I discuss some theoretical implications of the study. Rather than looking at kinship as a clear-cut and self-evident factor of hindering gender-equality or enabling it, the empirical study on Toba-Batak society has suggested that kinship simultaneously functions as both enabling and hindering factor for women's access rights to land under different circumstances. I am of the opinion that there is no such thing as gender solidarity among Toba-Batak women because their identity is shaped more by their kinship affiliation and position of seniority within kinship ranks rather than simply by gender. On the other hand, it is the resistance of peasant women against any outside intervention that makes the Toba-Batak struggle over communal land into a basic struggle over both resources and meanings as well as a struggle that shapes the borderline between the local groups' interests and that of the private investors vis-a-vis the state.

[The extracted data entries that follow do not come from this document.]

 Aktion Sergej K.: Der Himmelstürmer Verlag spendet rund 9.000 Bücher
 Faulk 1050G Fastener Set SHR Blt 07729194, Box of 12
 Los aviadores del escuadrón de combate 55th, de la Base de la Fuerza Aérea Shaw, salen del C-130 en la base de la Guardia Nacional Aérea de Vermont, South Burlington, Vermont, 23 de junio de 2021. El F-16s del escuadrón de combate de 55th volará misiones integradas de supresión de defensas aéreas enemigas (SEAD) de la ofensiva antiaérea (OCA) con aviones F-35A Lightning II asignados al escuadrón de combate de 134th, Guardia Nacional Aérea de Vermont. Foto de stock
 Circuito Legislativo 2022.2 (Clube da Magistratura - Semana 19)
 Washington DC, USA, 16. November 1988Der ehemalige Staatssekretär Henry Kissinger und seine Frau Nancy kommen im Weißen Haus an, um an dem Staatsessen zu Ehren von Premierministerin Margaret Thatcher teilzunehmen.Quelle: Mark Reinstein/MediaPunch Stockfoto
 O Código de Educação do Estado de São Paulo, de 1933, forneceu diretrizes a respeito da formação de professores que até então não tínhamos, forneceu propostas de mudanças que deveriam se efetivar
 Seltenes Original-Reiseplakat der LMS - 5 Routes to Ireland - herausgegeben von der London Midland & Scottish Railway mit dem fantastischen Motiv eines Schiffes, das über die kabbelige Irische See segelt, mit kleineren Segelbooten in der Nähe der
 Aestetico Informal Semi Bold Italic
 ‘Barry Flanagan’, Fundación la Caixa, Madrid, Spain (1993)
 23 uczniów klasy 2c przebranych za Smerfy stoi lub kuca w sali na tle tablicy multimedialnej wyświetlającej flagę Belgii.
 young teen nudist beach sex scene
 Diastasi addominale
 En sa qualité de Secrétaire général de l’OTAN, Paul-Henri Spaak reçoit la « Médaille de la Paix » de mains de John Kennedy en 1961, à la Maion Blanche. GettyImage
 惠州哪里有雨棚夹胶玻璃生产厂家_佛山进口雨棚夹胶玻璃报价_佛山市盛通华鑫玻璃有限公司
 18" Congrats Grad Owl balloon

The study also indicates that legal pluralism is a fact while the claim that state law is the only law is rather mythical. Based on this, the study concludes that gender-equality claim that state legal structures and norms directly cause and determine action for the betterment of women is highly questionable. The introduction of state law into matters related to land tends to detach land rights from wider social relationships, thereby neutralizing the restriction to endow land to women as well as the alienation of land to outsiders. These are seen in principal as opposing their Toba-Batak adat of patrilineality. On the other hand, in the cases relating to the expropriation of communal, the state law and judiciary system are seen as threatening rather than defending the interests of peasant women and the local community against the interests of private investors.